Monday morning Cindy and I had our weekly riding lesson. We ride horses. Cindy rides English style and I ride Western. She says the English style makes her feel closer to the horse,(the saddle is smaller), and I like Western because of Roy Rogers and John Wayne. When I get the nuances of Western down, I'll give English a try...but that will be awhile.
It has taken me many months of riding to develop any type of mastery feelings in this venture. In fact, I don't truly feel mastery yet - but I'm closer. Much closer. I can tack up and groom with confidance now. I used to be so afraid I'd get it all wrong and hurt the horse. Sometimes I still get the bridle twisted out of its proper shape. Both the horse and I stand there wondering what the hell I was doing to her face.

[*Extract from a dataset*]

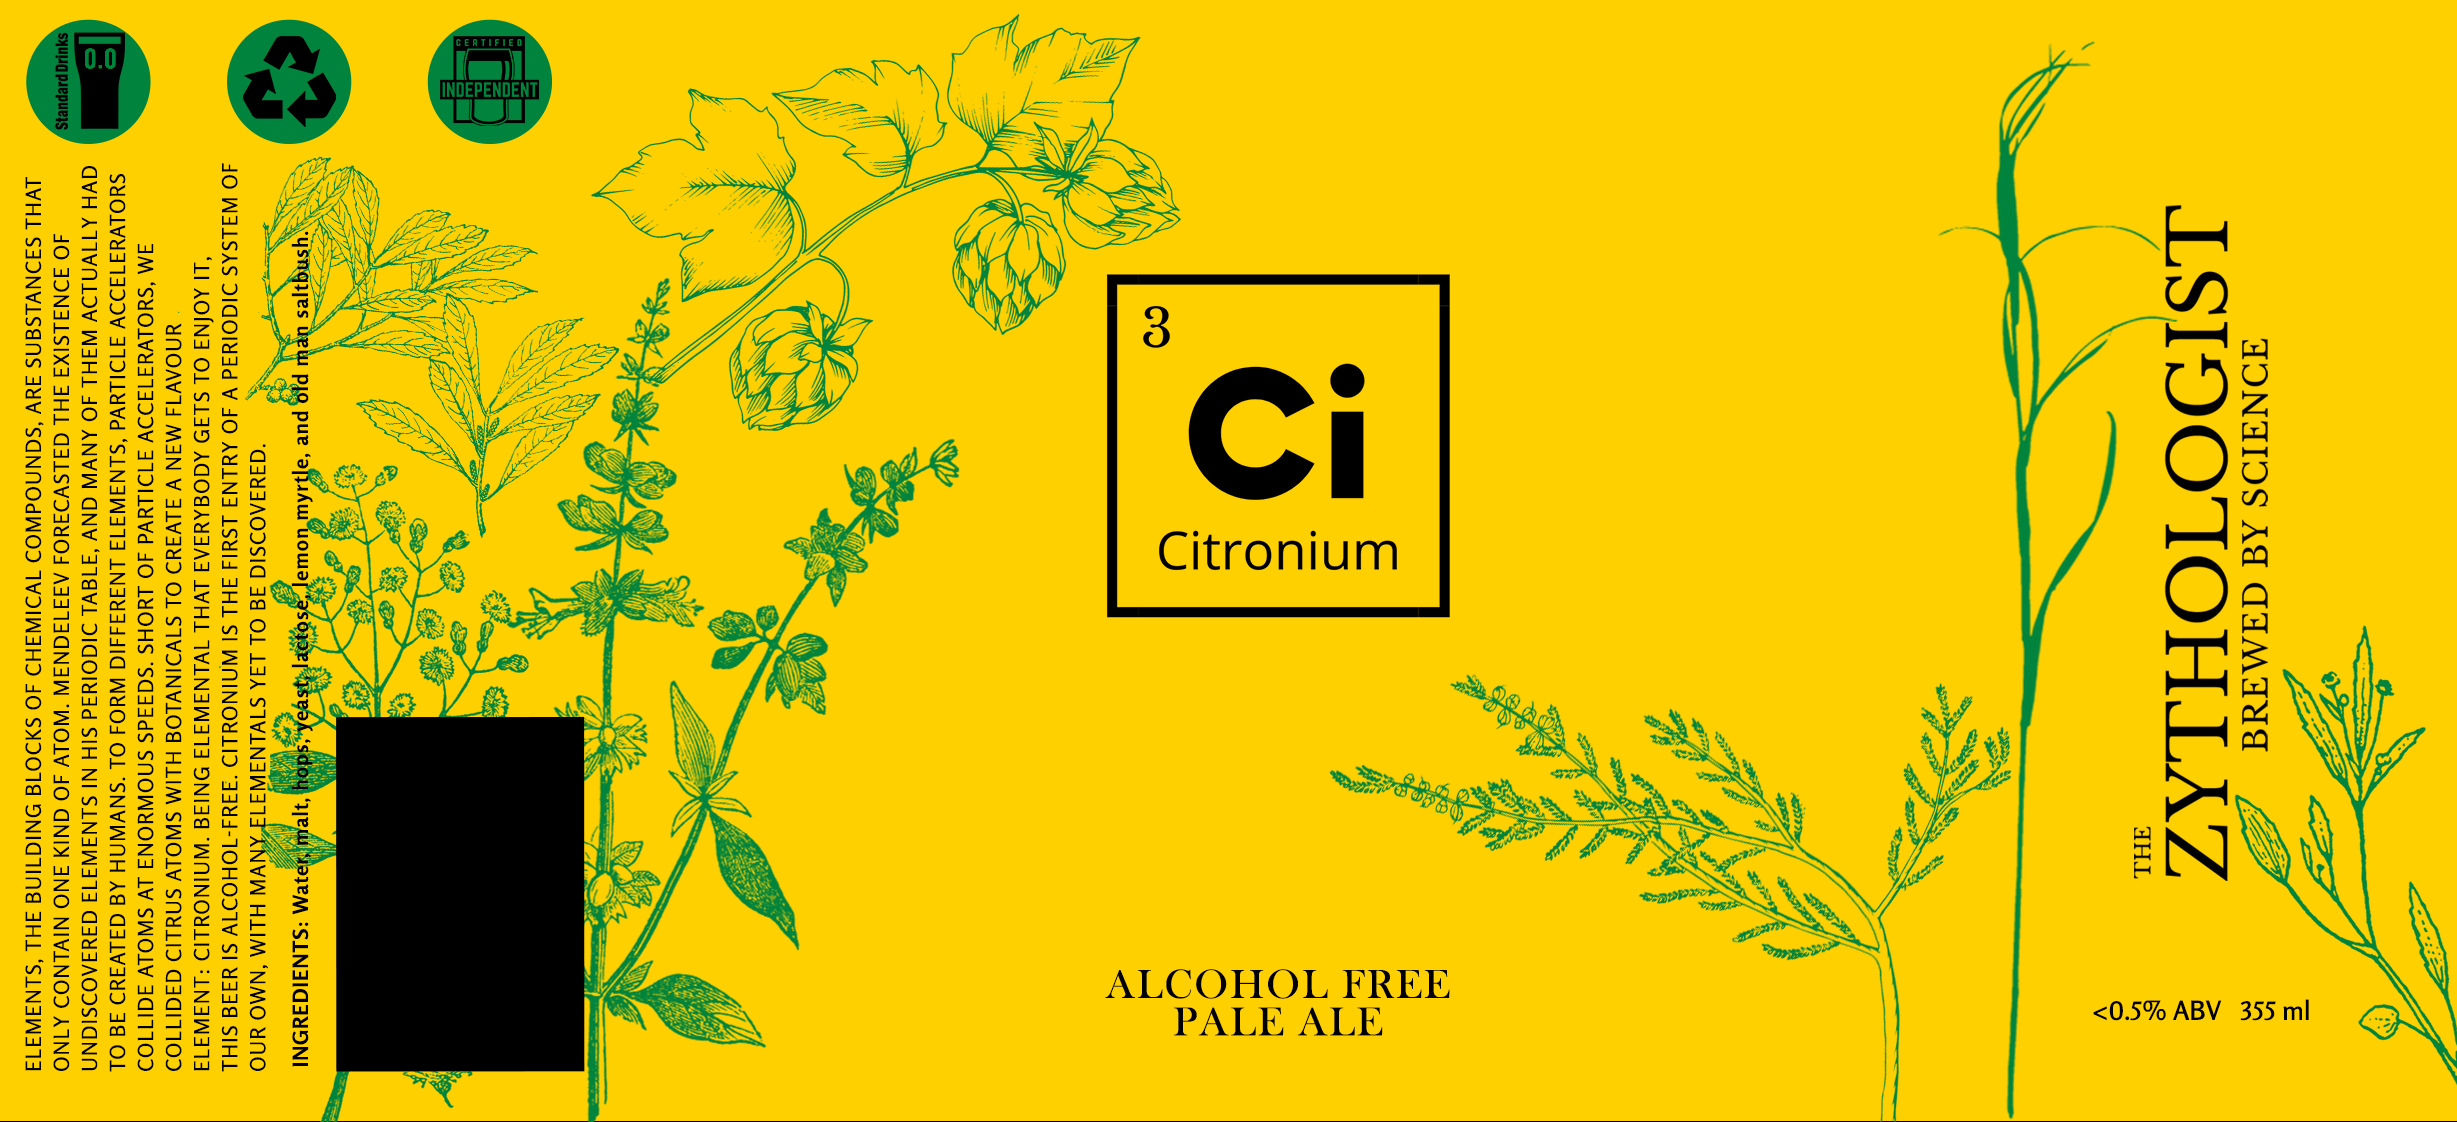 The Zythologist – Citronium

I have been working with a licensed trainer and lessons are an hour long. I'm glad I did it this way because Sara has had me build skill and talent through a patient plan. She majored in Behavioral Science and is quite adept at helping people (and animals) monitor and change their behavior. I have never felt judged badly by anyone at the stable, except by myself. Always uplifting, patient and kind. I've had a glimpse of other people's dramas from time to time, but - such is life.

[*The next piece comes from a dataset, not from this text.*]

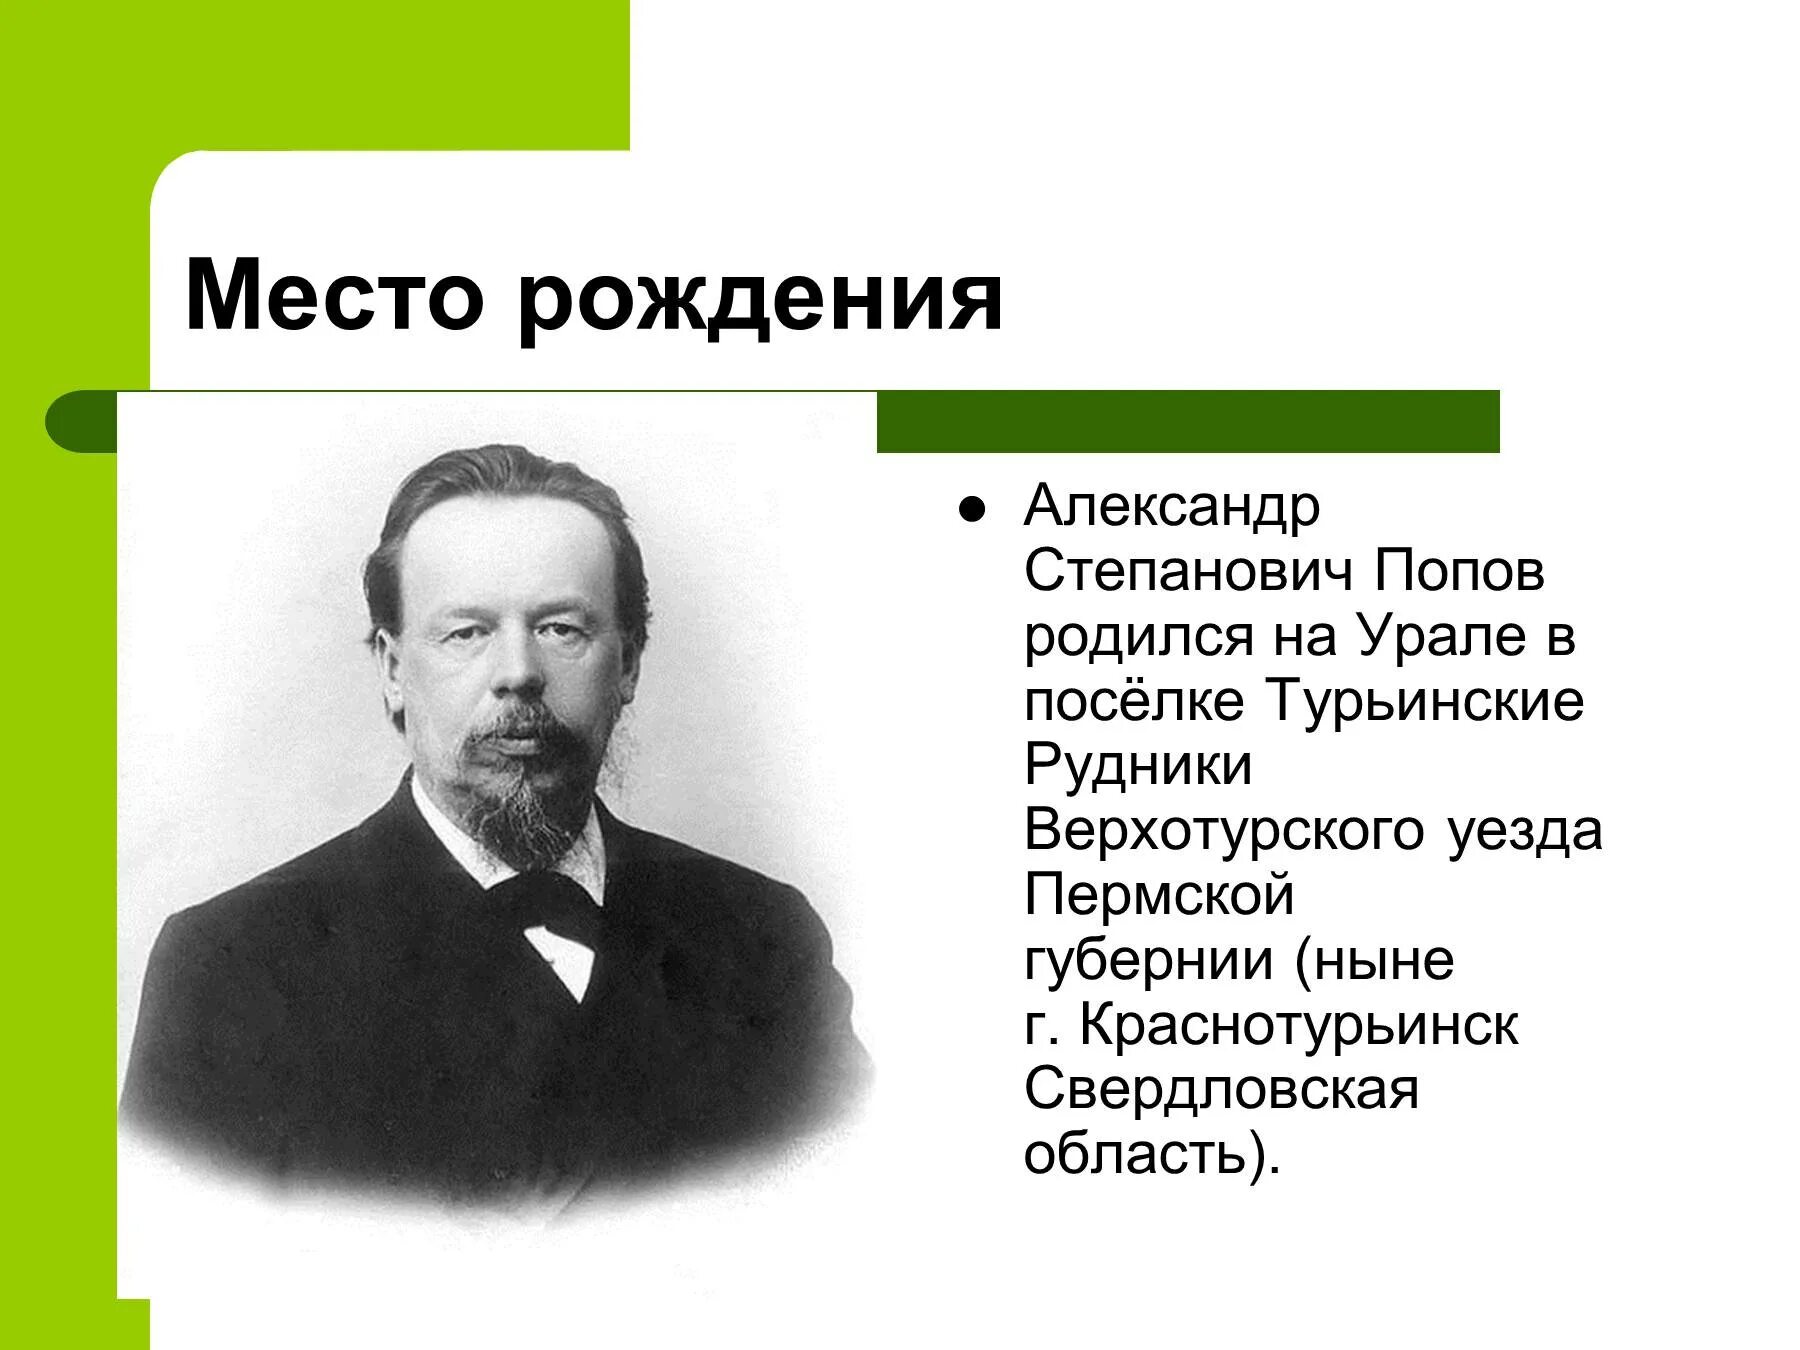 Попов изобретатель радио.

I began riding because it is something I have always wanted to do. When I was 4 years old we had neighbors who had horses. They would go for rides fairly often and ride by our house. We lived in Sacramento at the time. (or was it Fair Oaks?) Anyway - I remember standing on the corner where they would pass by on their way home from their rides. I was too shy to speak, but I figured if I looked cute enough - they would see me and know that I wanted to ride.